Supplied material:
= = = =

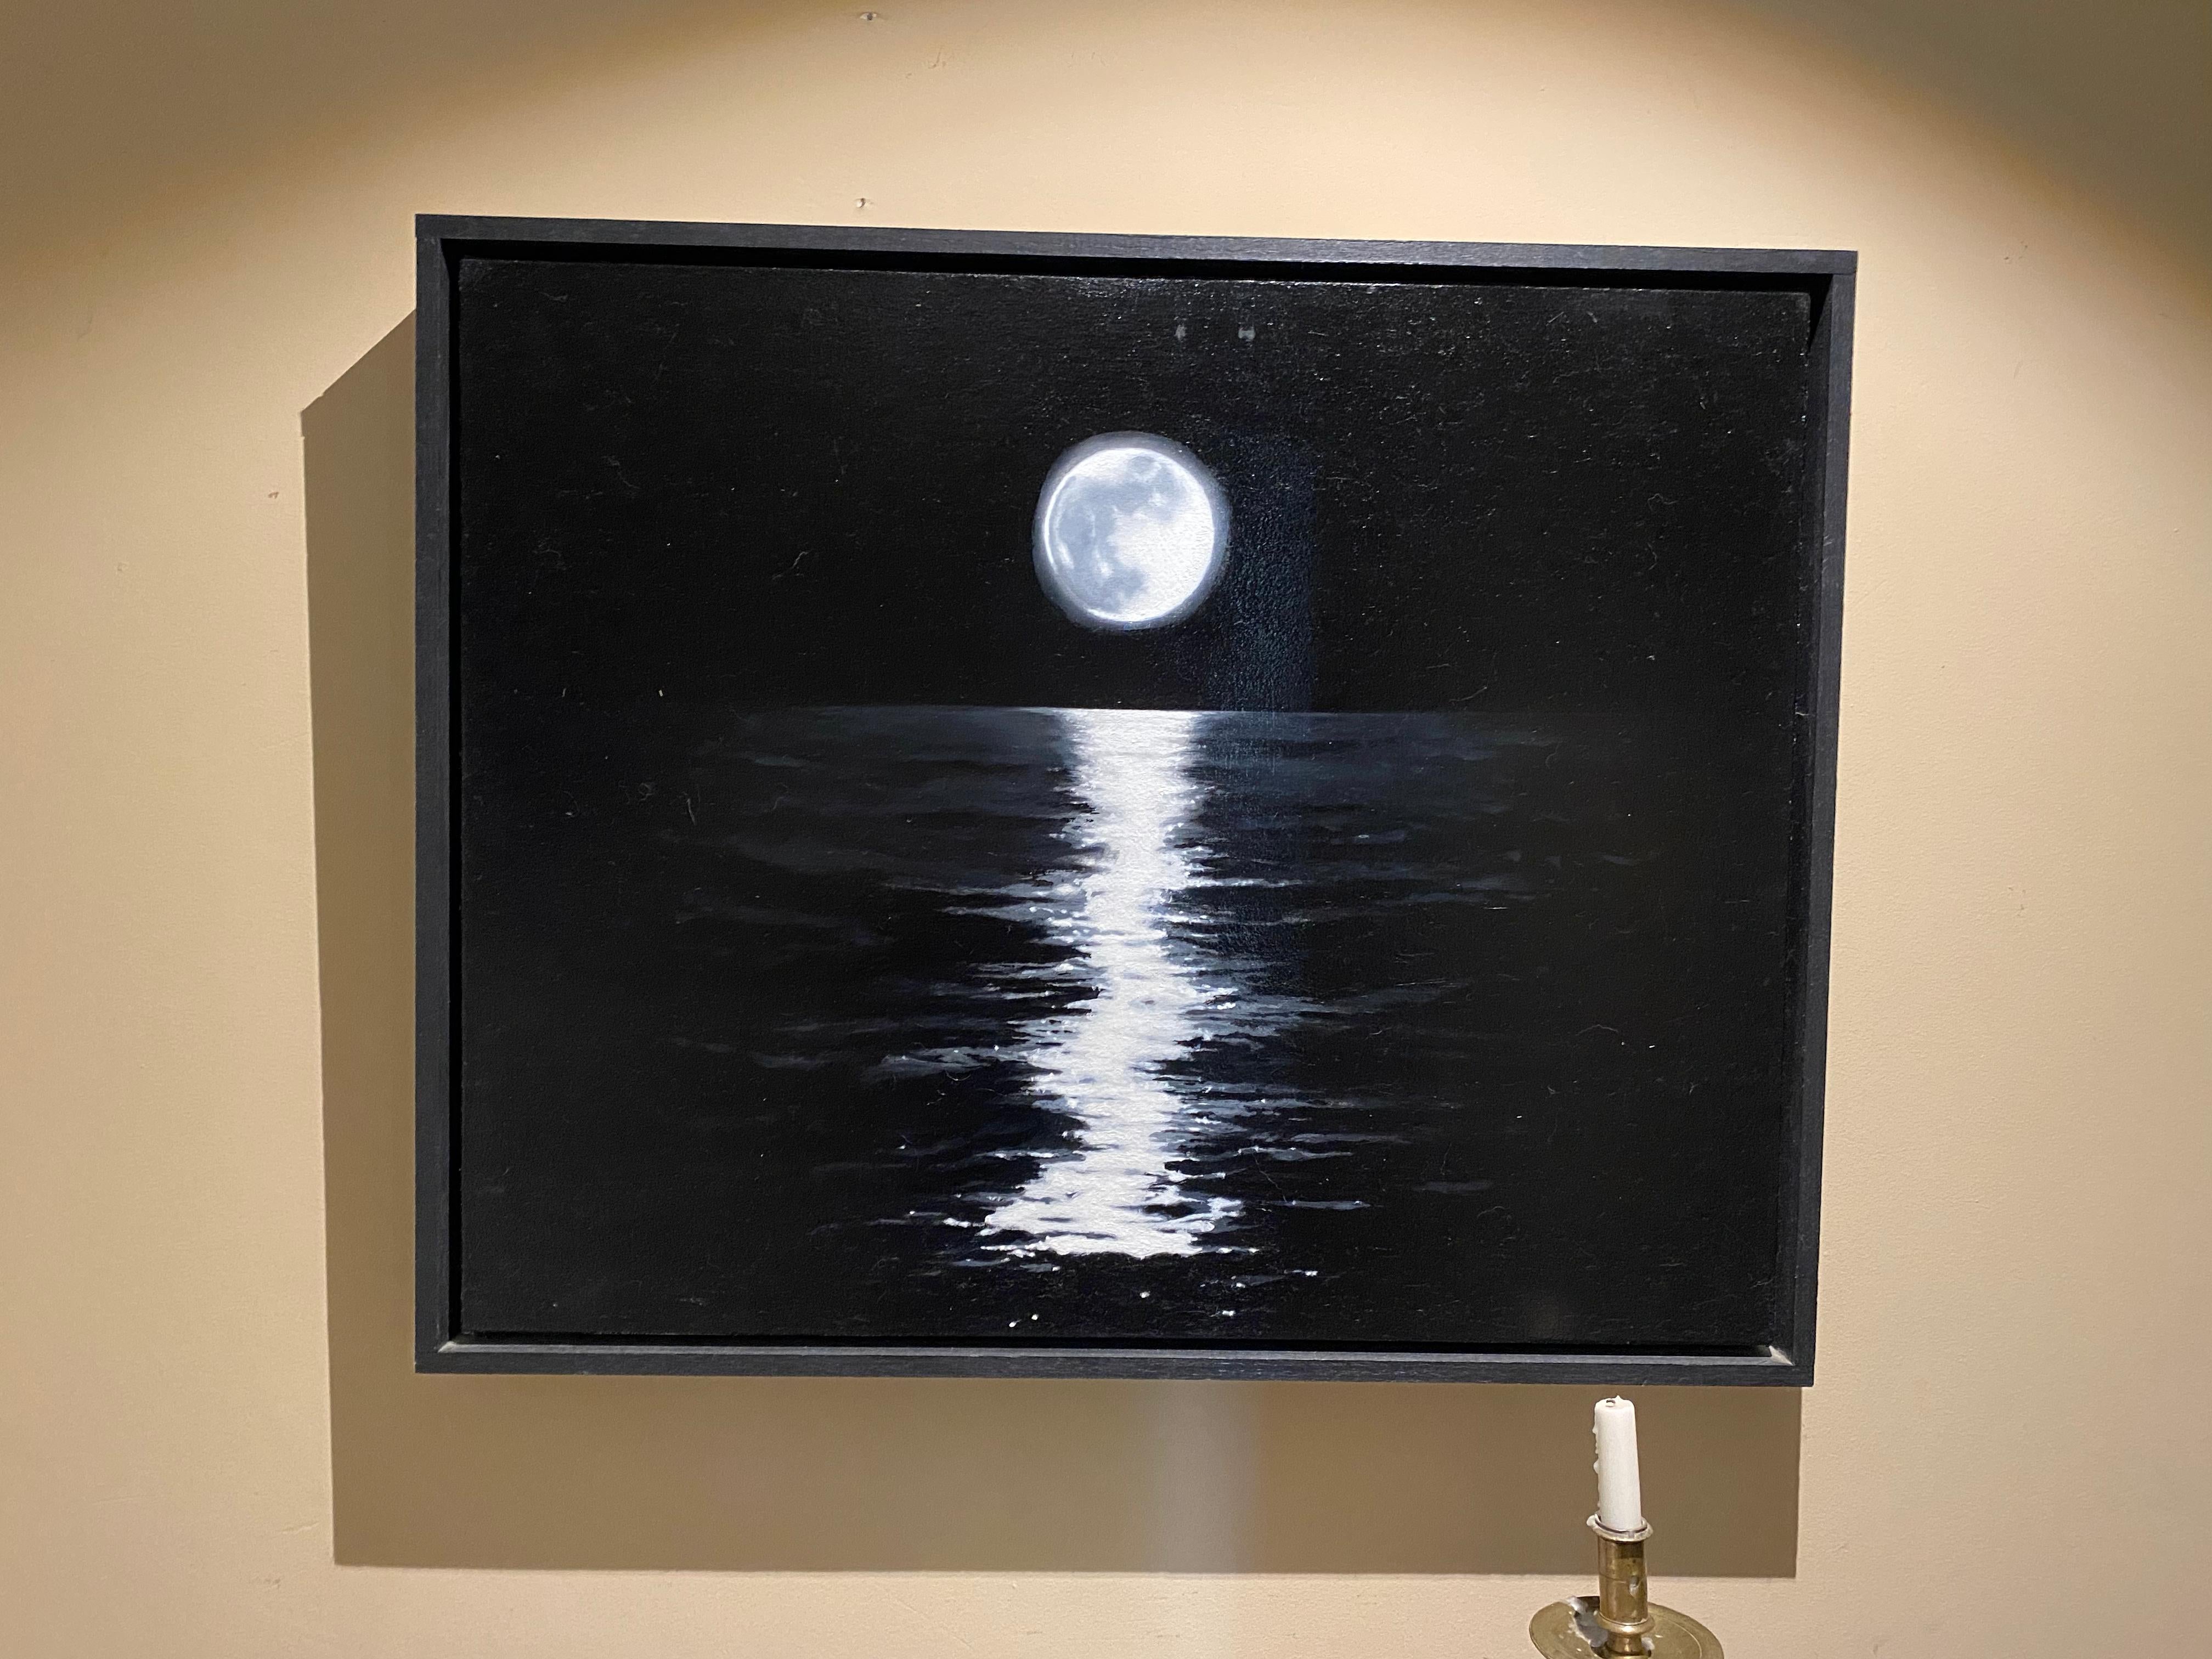 Oil painting of the moon, by late artiste David Cox, the painting is a powerful suggestion of the moon rising over a large body of water, the painting is captivating and very unique, the frame was done by the artist himself.
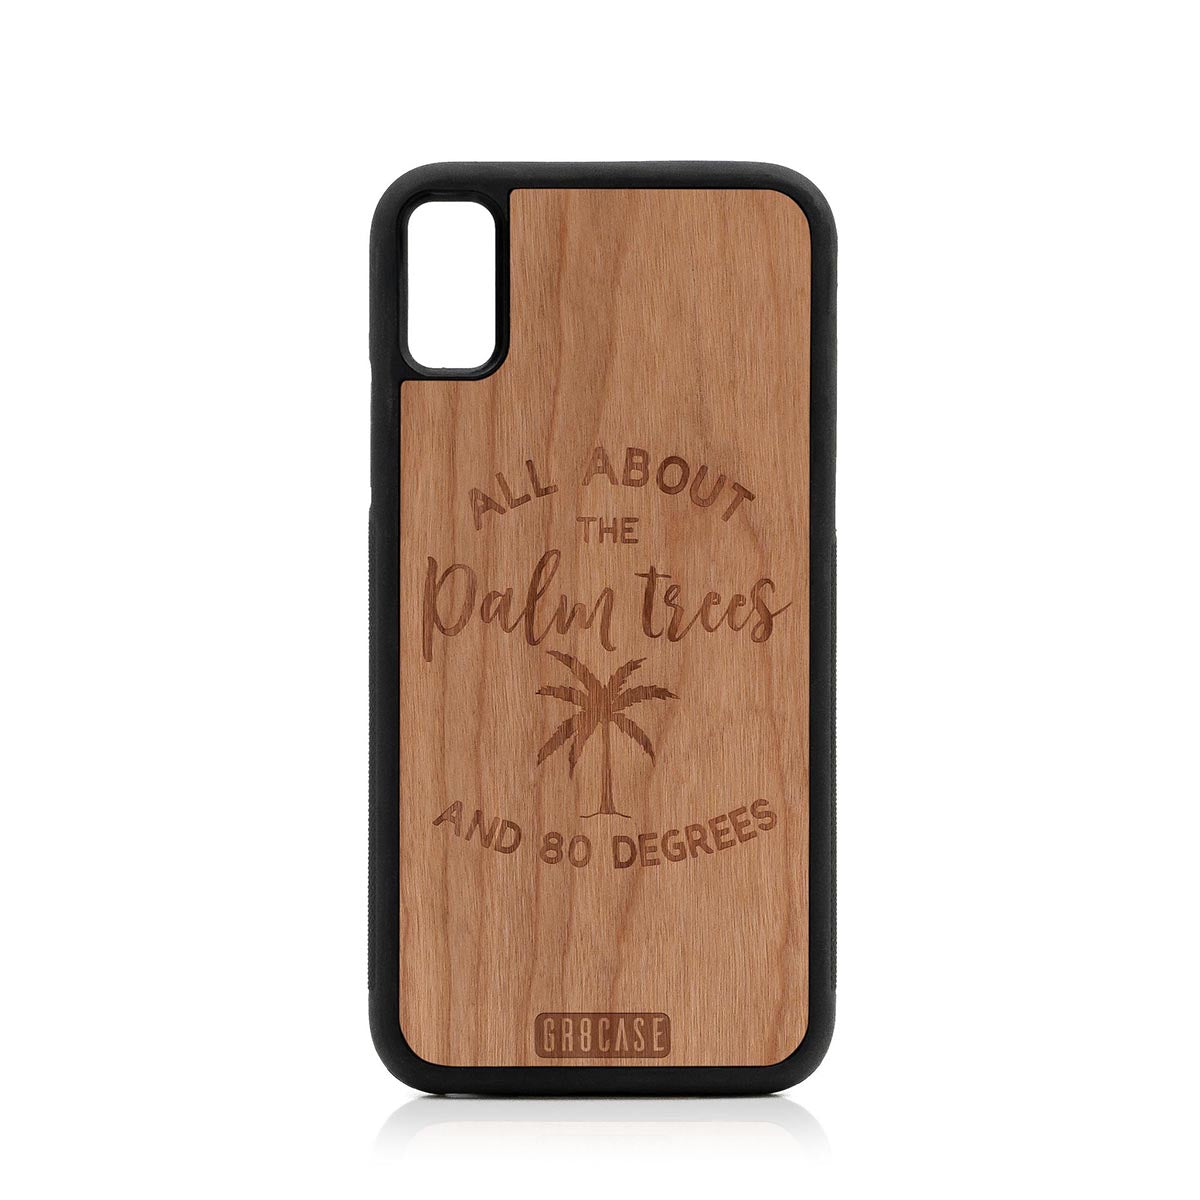 All About The Palm Trees and 80 Degrees Design Wood Case For iPhone XR by GR8CASE
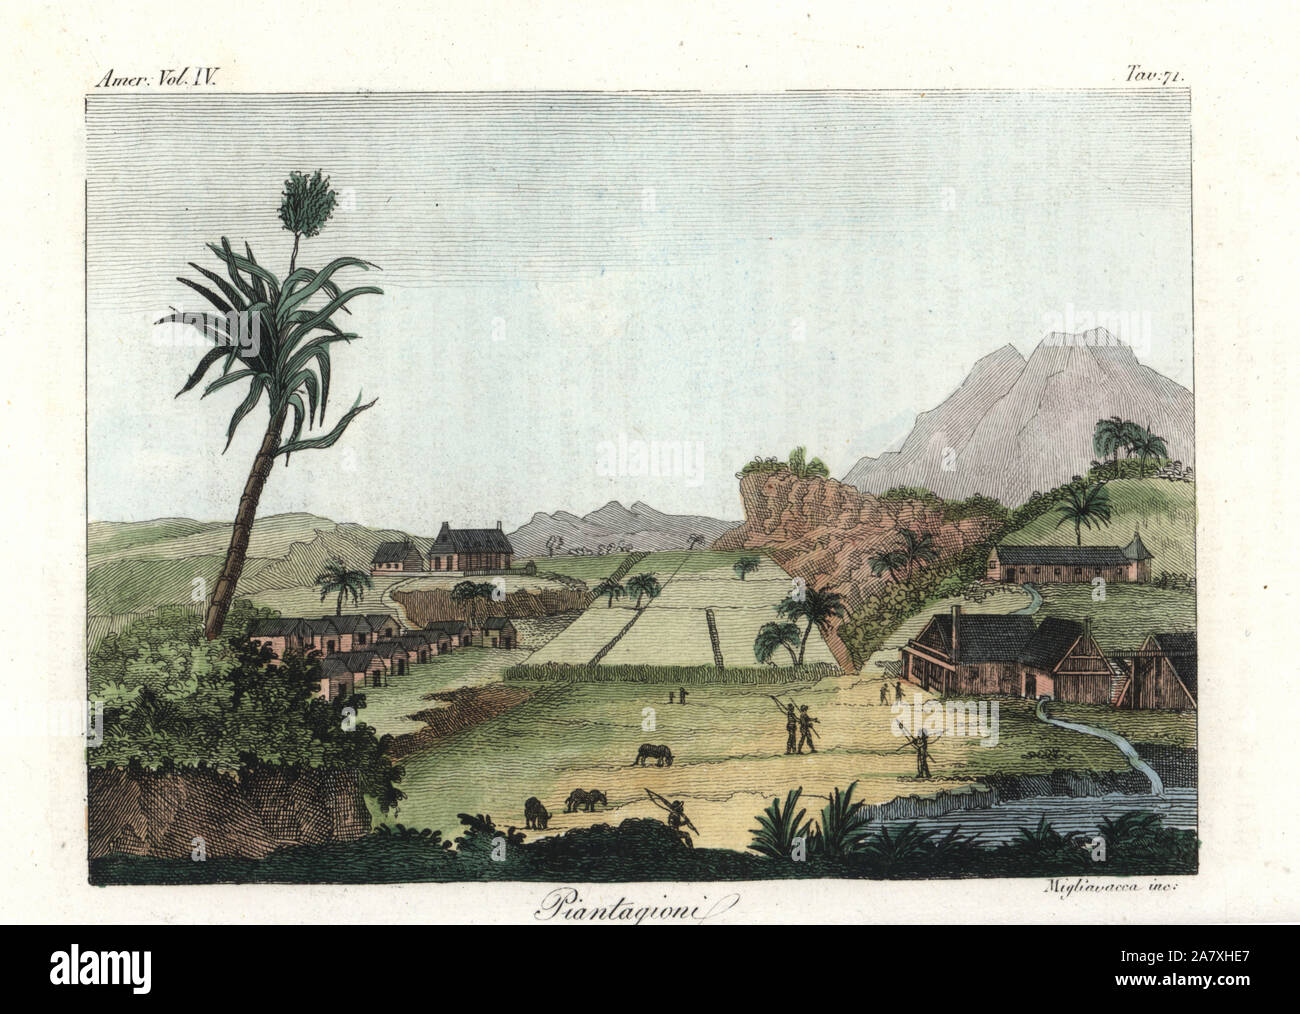 African slaves working on a sugarcane plantation in the West Indies. Handcoloured copperplate engraving by Migliavacca from Giulio Ferrrario's Costumes Antique and Modern of All Peoples (Il Costume Antico e Moderno di Tutti i Popoli), Florence, 1842. Stock Photo
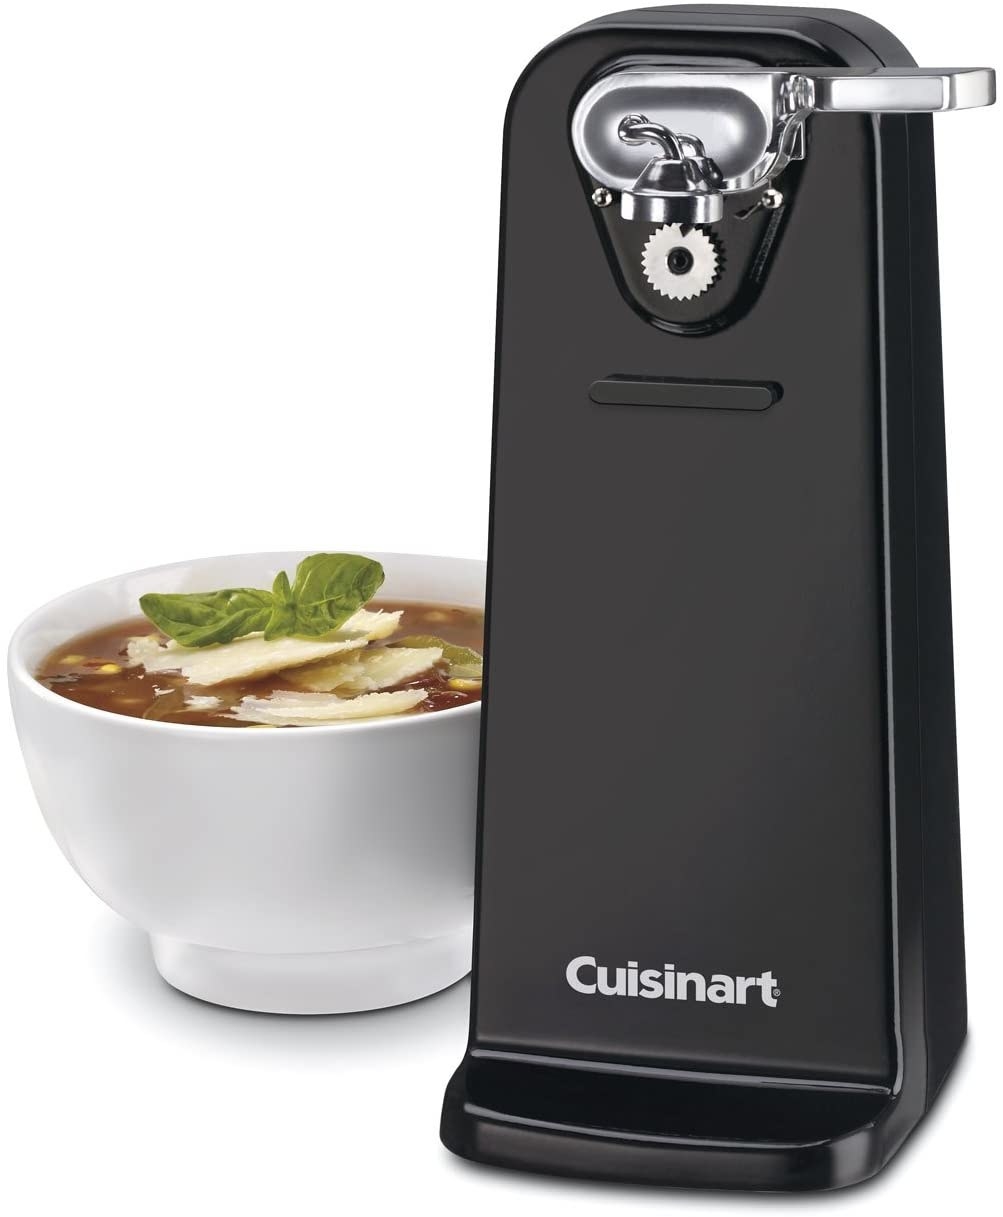 The electric can opener next to a bowl of soup

= = = =

Task objective:
Could you write out exactly the lines running from the one with "African slaves working" through the last line of the data above, both ends kept, and omit any picture?

Your response:
 African slaves working on a sugarcane plantation in the West Indies. Handcoloured copperplate engraving by Migliavacca from Giulio Ferrrario's Costumes Antique and Modern of All Peoples (Il Costume Antico e Moderno di Tutti i Popoli), Florence, 1842. Stock Photo
 The electric can opener next to a bowl of soup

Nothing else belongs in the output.